It supports tons of file formats as input. You can insert chapters where you want, or have it put them in automatically and you can set the length of the chapters. Also, a feature I think that is nice is the fact that it will automatically properly letterbox widescreen formats where as lots of other DVD burners totally screw this up. Another thing that is nice is that it will calculate and use a bitrate that fits the movie to the disk. So you could actually put more than 2 hours on a DVD-5 with some loss of quality, or you could put less than 2 hours and it will be excellent quality.
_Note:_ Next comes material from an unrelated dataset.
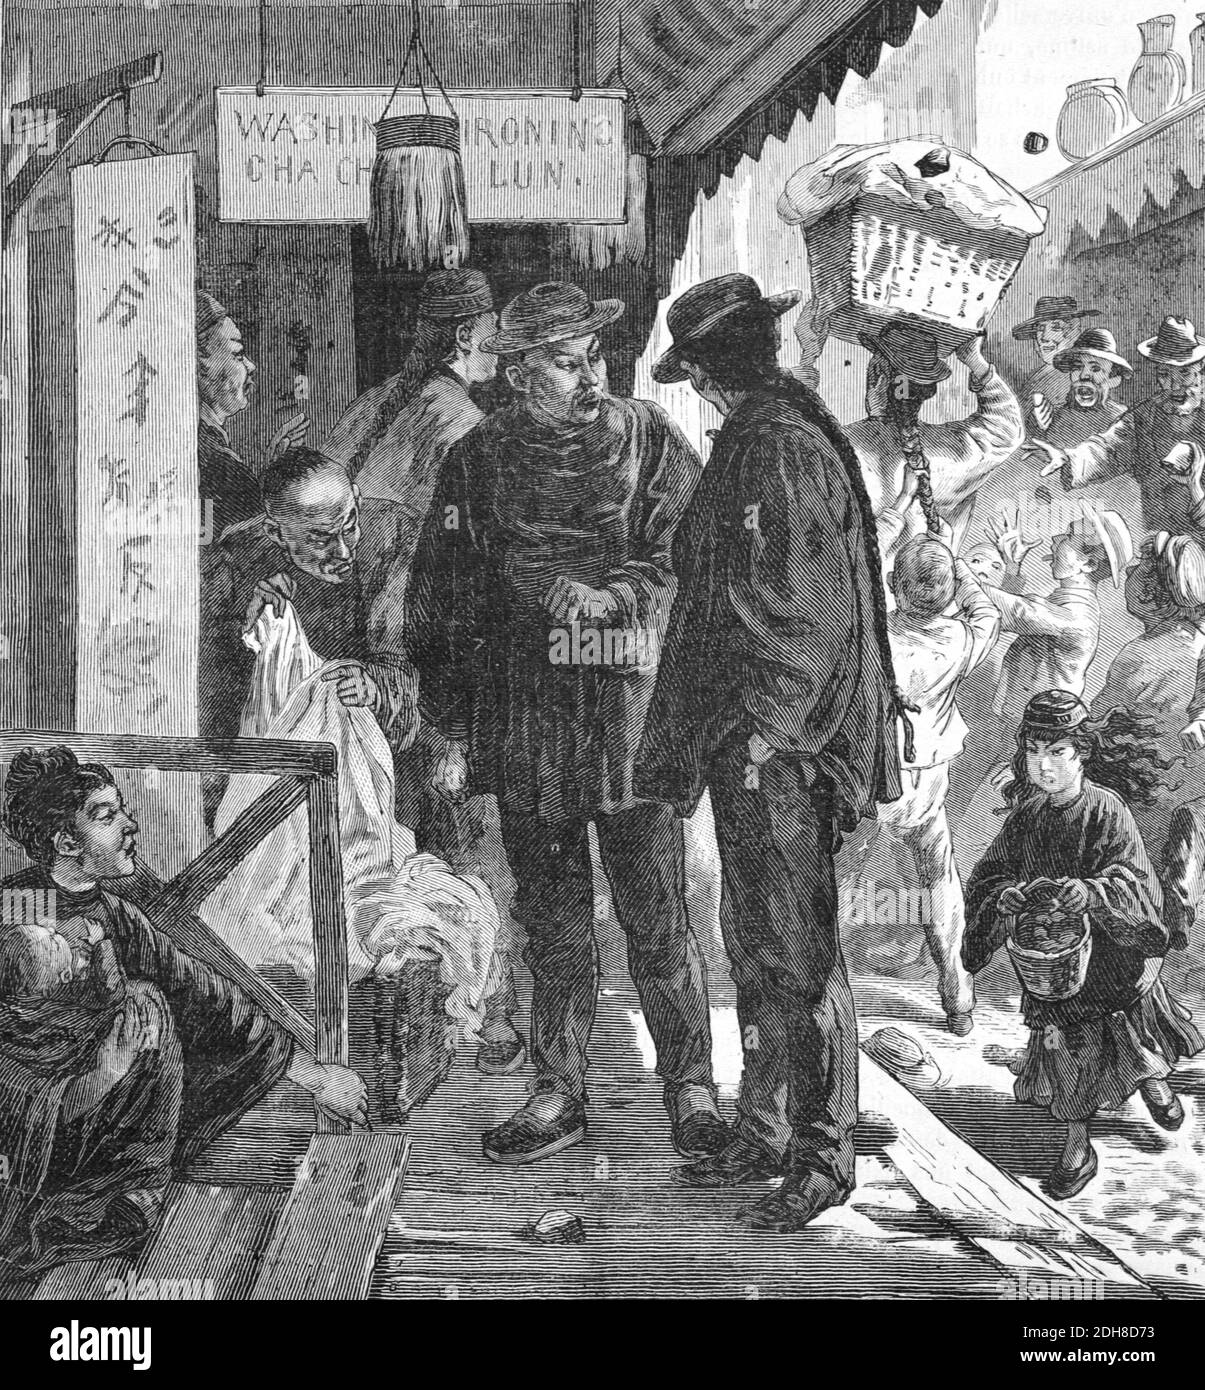 Chinese Settlers or Immigrants in Chinatown San Francisco USA (Eng 1880) Vintage Illustration or Engraving Stock Photo

Either way, the disk gets completely filled, unlike other DVD burners. It's not the fastest, but the quality of the results, and features are excellent. Takes about 40 minutes to convert and burn a 2 hour movie on my Athlon64 X2 6400+. Also supports burning up to 5 hours on a dual-layer DVD-9

I can say that if you decide to buy Nero Vision, you won't be disappointed.


----------



## DoubleHelix (Dec 10, 2004)

I gave DVD Flick a try on a test VM, and it appears to work. Thanks for the suggestion. I'll give it a shot on my production system soon.


----------



## IMiteBable2help (Nov 6, 2001)

Thanks for the feedback. It's always nice to hear results. Too many people run with suggestions, find it works, then don't bother to come back and let us know. 

In retrospect, it does sound like Windows Movie Maker was just putting chapters in the video. Seems to me that this could be turned off. I think I misunderstood and thought it was trying to break the file up into multiple TITLES rather than scenes or chapters. Glad to hear things worked out.


----------